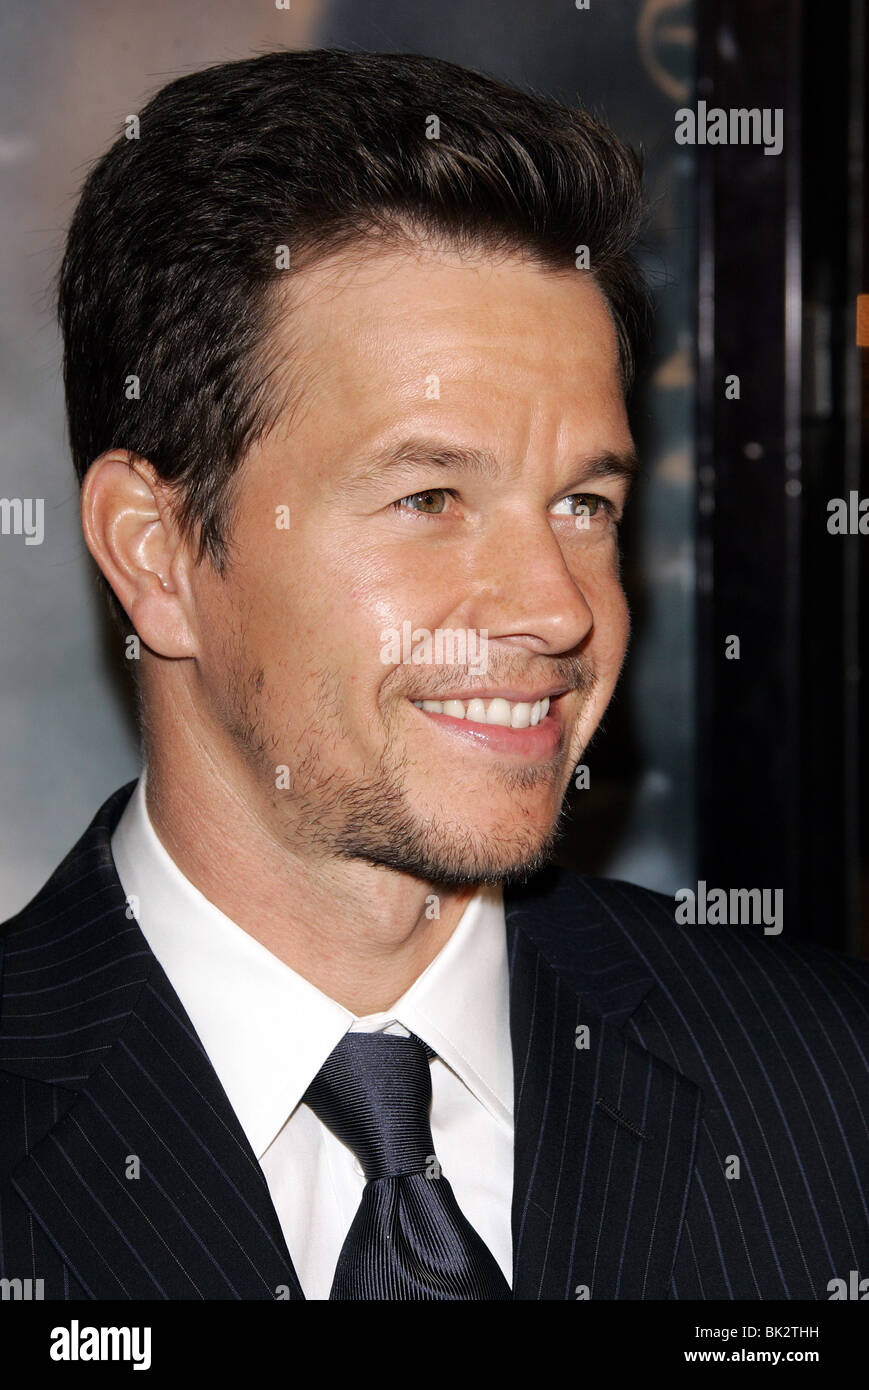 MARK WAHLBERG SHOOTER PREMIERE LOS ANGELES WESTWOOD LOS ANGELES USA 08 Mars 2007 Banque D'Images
==
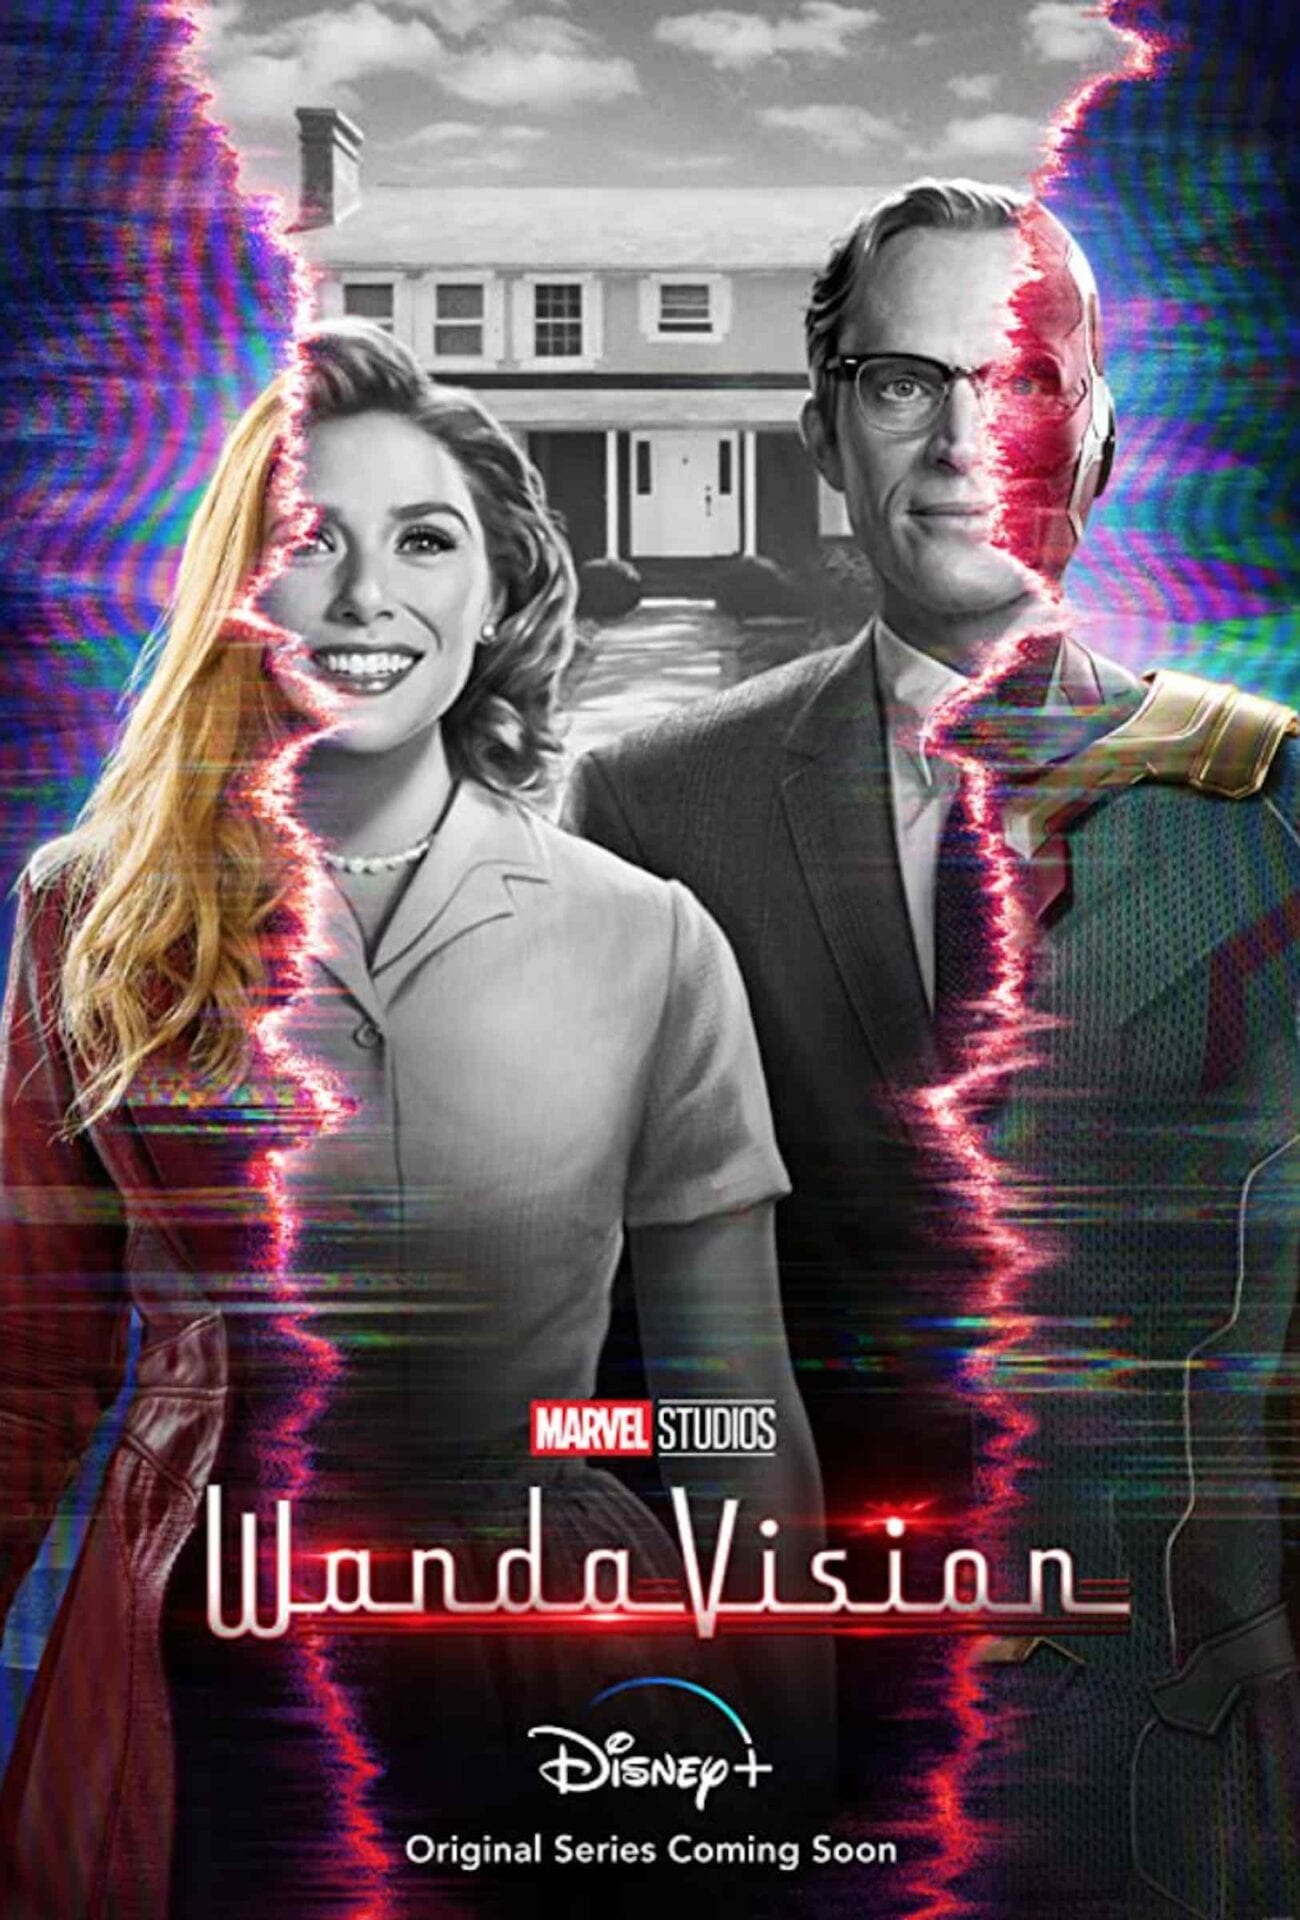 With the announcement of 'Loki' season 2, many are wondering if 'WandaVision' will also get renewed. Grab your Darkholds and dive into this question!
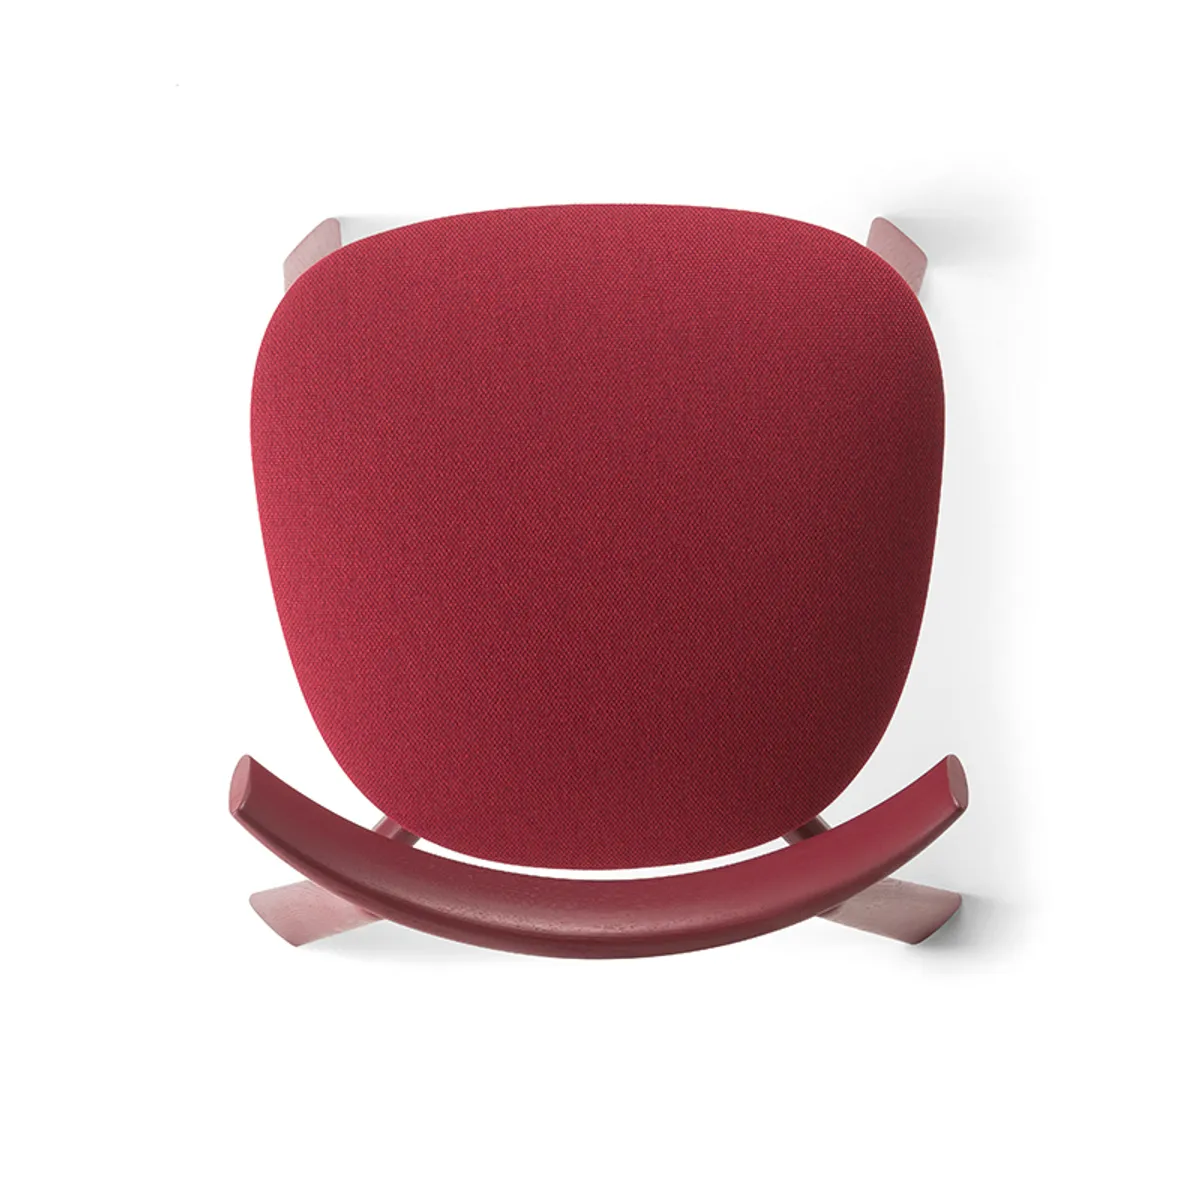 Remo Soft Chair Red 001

### Problem requirements
When copying from the data above, print only the lines from the line containing "With the announcement" to the line containing "Remo Soft Chair Red 001", exactly, and leave the pictures out.

### Answer to the problem
 With the announcement of 'Loki' season 2, many are wondering if 'WandaVision' will also get renewed. Grab your Darkholds and dive into this question!
 Remo Soft Chair Red 001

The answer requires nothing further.